MMP9 production by human monocyte-derived macrophages is decreased on polymerized type I collagen

• Published in: Journal of vascular surgery Vol. 34; no. 6; pp. 1111 - 1118
• Main Authors: Lepidi, Sandro, Kenagy, Richard D., Raines, Elaine W., Chiu, Ernest S., Chait, Alan, Ross, Russell, Clowes, Alexander W.
• Format: Journal Article
• Language: English
• Published: New York, NY Elsevier Inc 01.12.2001; Elsevier
• Subjects: Aortic Aneurysm - enzymology; Arteriosclerosis - enzymology; Atherosclerosis (general aspects, experimental research); Biological and medical sciences; Blood and lymphatic vessels; Cardiology.
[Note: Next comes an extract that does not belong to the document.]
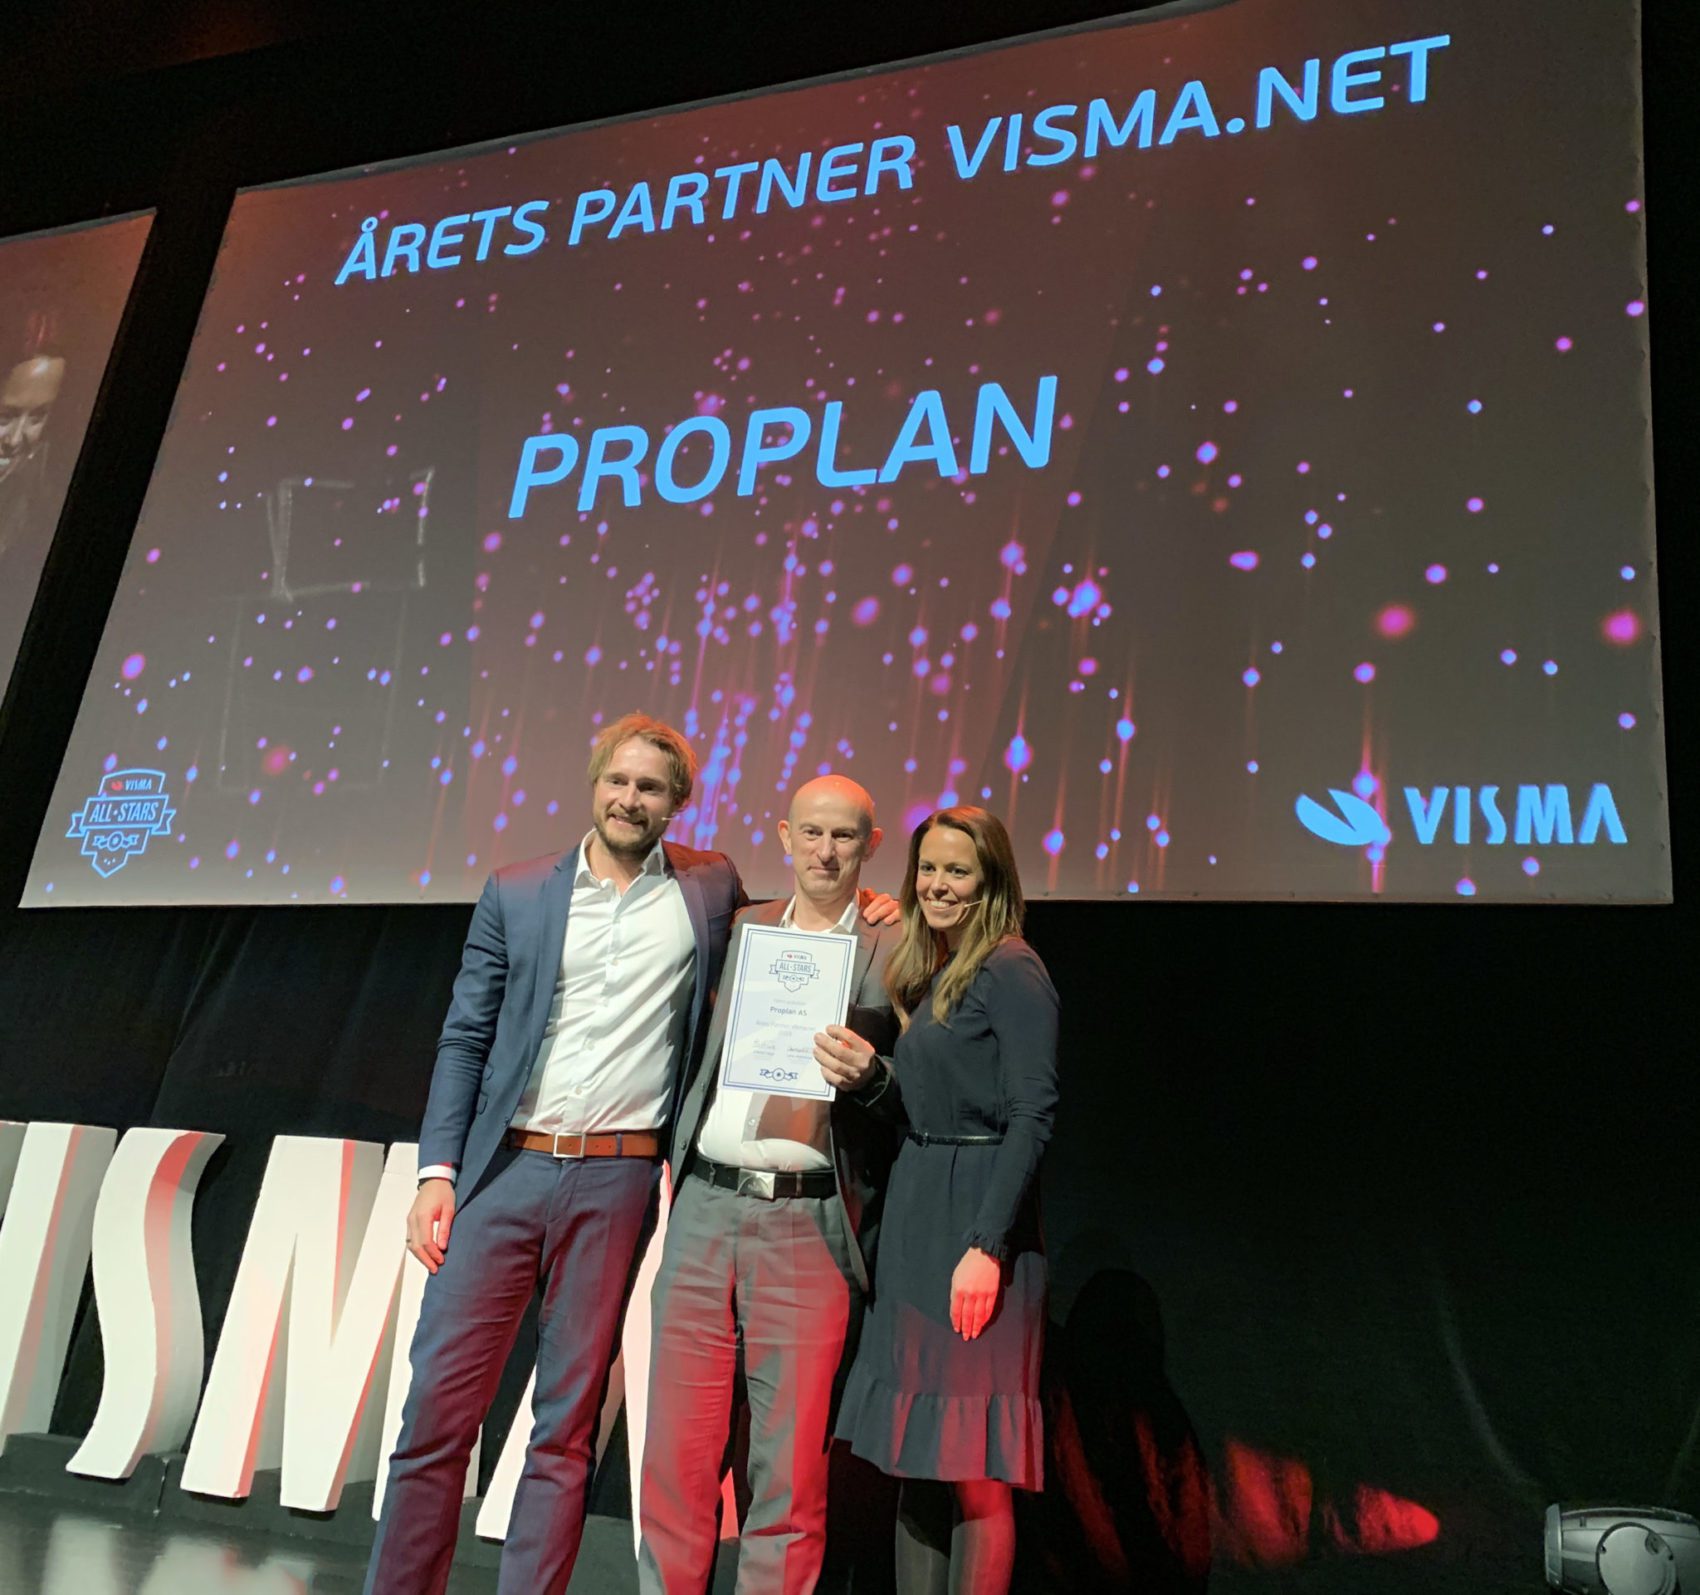 Årets Partner Visma.net

Vascular system; Cell Culture Techniques - methods; Cell Culture Techniques - standards; Cell Differentiation - physiology; Cell Size; Collagen Type I - pharmacology; Culture Media - pharmacology; Cytokines - physiology; Extracellular Space - physiology; Growth Substances - physiology; Humans; Immunohistochemistry; Macrophages - drug effects; Macrophages - enzymology; Matrix Metalloproteinase 9 - biosynthesis; Medical sciences; Monocytes - drug effects; Monocytes - enzymology; Polymers - pharmacology; Precipitin Tests; Tumor Necrosis Factor-alpha - pharmacology; Human; Prognosis; Enzyme; Pathogenesis; Cardiovascular disease; Metalloendopeptidases; Interleukin 1β; Gelatinase B; Vascular disease; Peptidases; Atherosclerotic plaque; Collagen; Atherosclerosis; Tissue rupture; Hydrolases; Platelet derived growth factor; Tumor necrosis factor α; Macrophage
• ISSN: 0741-5214; 1097-6809
• DOI: 10.1067/mva.2001.119401

The production of matrix metalloproteinases (MMPs), such as MMP9, by macrophages may be a critical factor in the rupture of unstable atherosclerotic plaques and aortic aneurysms. Therefore, we studied the role of matrix and soluble cytokines in the regulation of monocyte/macrophage expression of MMP9. Although freshly isolated monocytes synthesize little MMP9, cells cultured on tissue-culture plastic differentiate into macrophages and synthesize maximal amounts of MMP9. Differentiated macrophages cultured on plastic are unresponsive to further stimulation by interleukin 1β, tumor necrosis factor α, or platelet-derived growth factor BB. In contrast, monocytes cultured on polymerized collagen synthesize much less MMP9 than cells cultured on plastic and demonstrate a more than three-fold increase in MMP9 synthesis in response to interleukin 1β, tumor necrosis factor α, and platelet-derived growth factor BB. To determine whether the physical state of the collagen was critical for the decrease in basal synthesis of MMP9, monocytes were cultured in suspension for 5 days to allow differentiation and then seeded onto monomer or polymerized collagen. Synthesis of MMP9 was significantly decreased in cells on polymerized collagen and modestly increased in macrophages seeded on monomer collagen. These results suggest that MMP9 synthesis by macrophages in the vessel wall may be under negative control by native, polymerized collagen and that disruption of this native conformation could increase MMP9 production. In addition, cells in contact with the collagen matrix are potentially more responsive to soluble mediators such as platelet-derived growth factor, interleukin 1β, and tumor necrosis factor α. (J Vasc Surg 2001;34:1111-8.)